Despite a recent federal court directive and pressure from Republican lawmakers to move forward with a review of the stalled Yucca Mountain nuclear-waste repository, the Nuclear Regulatory Commission has not yet decided on its next step. However, the NRC has set in motion a process to help it determine what that future action will be, its chairman says.

The U.S. Circuit Court of Appeals for the District of Columbia ruled on Aug. 13 that NRC violated a federal energy law when it halted its review of a Dept of Energy application to build a nuclear-waste facility beneath Nevada's Yucca Mountain. The court also ordered NRC to restart that evaluation.

Speaking at a Platts Energy Podium meeting on Sept. 11, NRC Chairman Allison M. Macfarlane said the commission and other parties have until Sept. 27 to appeal the court's decision. (Link here to Platts' podcast of the meeting.)

NRC also issued an order on Aug. 30 asking parties to comment by the end of September on how it should proceed with the Yucca Mountain review. NRC also asked its own staff to provide budget information by Sept. 30.

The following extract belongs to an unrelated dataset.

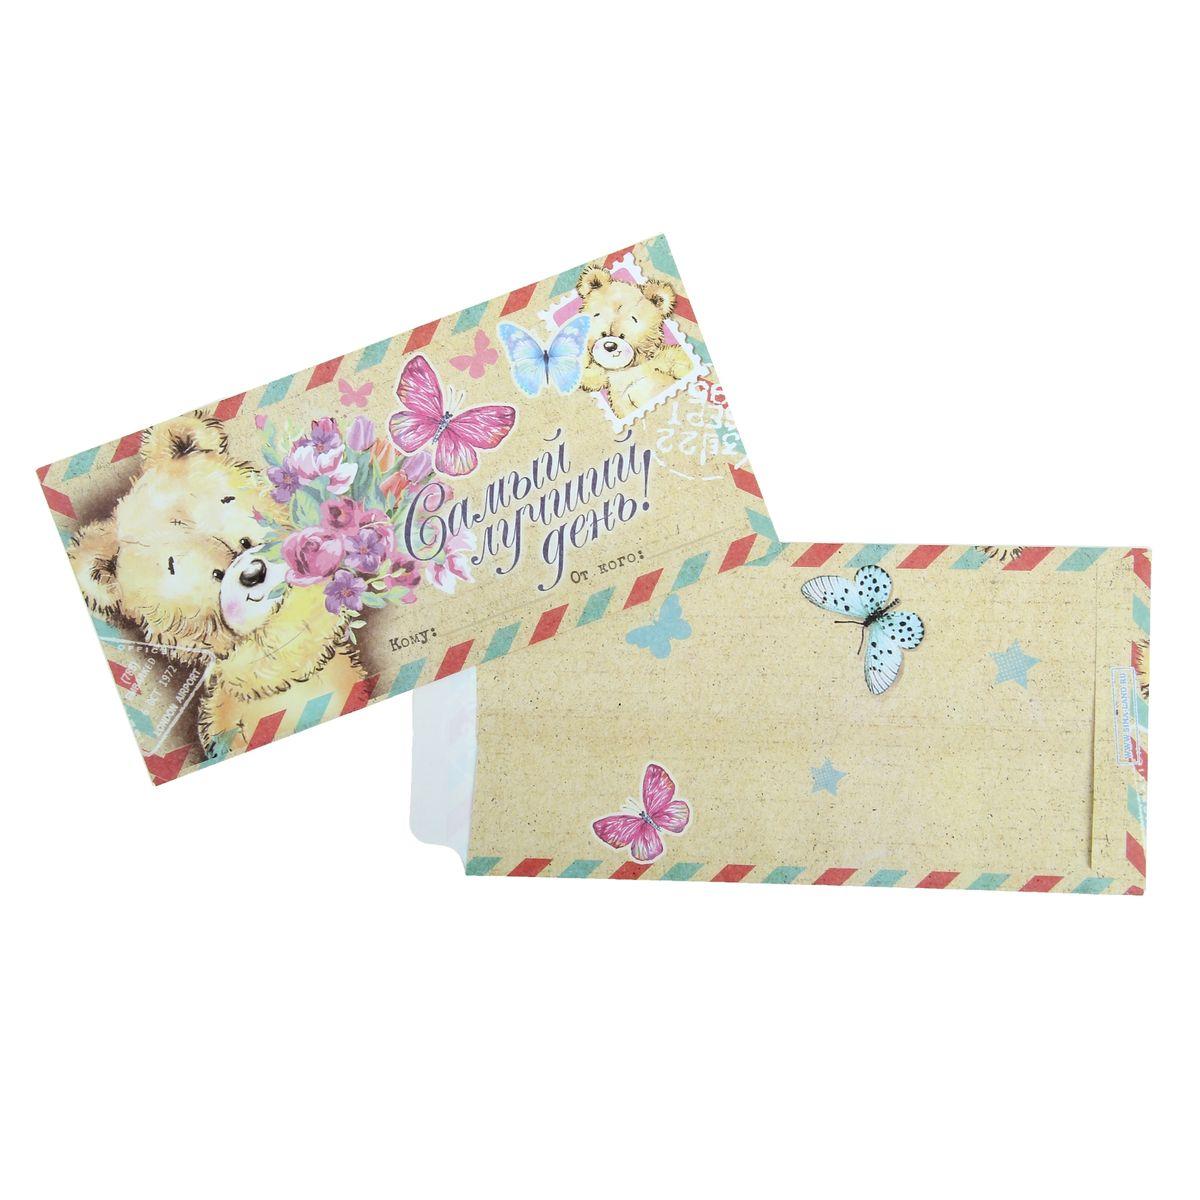 Конверт подарочный Самый лучший день1028223Подарочный конверт Самый лучший день изготовлен из бумаги. Такой конверт отлично подойдет для оформления подарка. В него можно положить записку или фотографию, подписать его и передать получателю.

Macfarlane told reporters at the Platts event that she couldn’t say how long it will take the NRC to evaluate those comments. “It depends on, partly, how much information we get and how many people comment," she said. Macfarlane added that the NRC staff then “will have to collate that information and bring it to the commission.”

That information-gathering effort won’t be funded by the $11 million in appropriations the commission has left for the license application review, she said.

A day earlier, Republican members of a House subcommittee grilled Macfarlane about NRC’s course of action on the Yucca Mountain application. Testifying before the Energy and Commerce Committee's subcommittee on the environment and the economy, Macfarlane responded that it would be “inappropriate” to comment because the commission has not yet decided on a plan.

Subcommittee Chairman John Shimkus (R-Ill.) pushed for action. He said, “Electricity consumers and taxpayers have waited 30 years and paid $15 billion to find out whether our independent nuclear-safety regulator concluded that Yucca Mountain would be safe or not."

Shimkus further said that the next step in NRC's process would be to issue a safety evaluation report. Shimkus said, "The NRC has the money to do it. A federal court has ruled that the NRC must proceed."

But the subcommittee’s top Democrat, Paul Tonko (N.Y.), chided the panel's GOP leaders for holding a hearing so soon after the appeals court issued its ruling. “The plan hasn’t been developed yet,” Tonko said.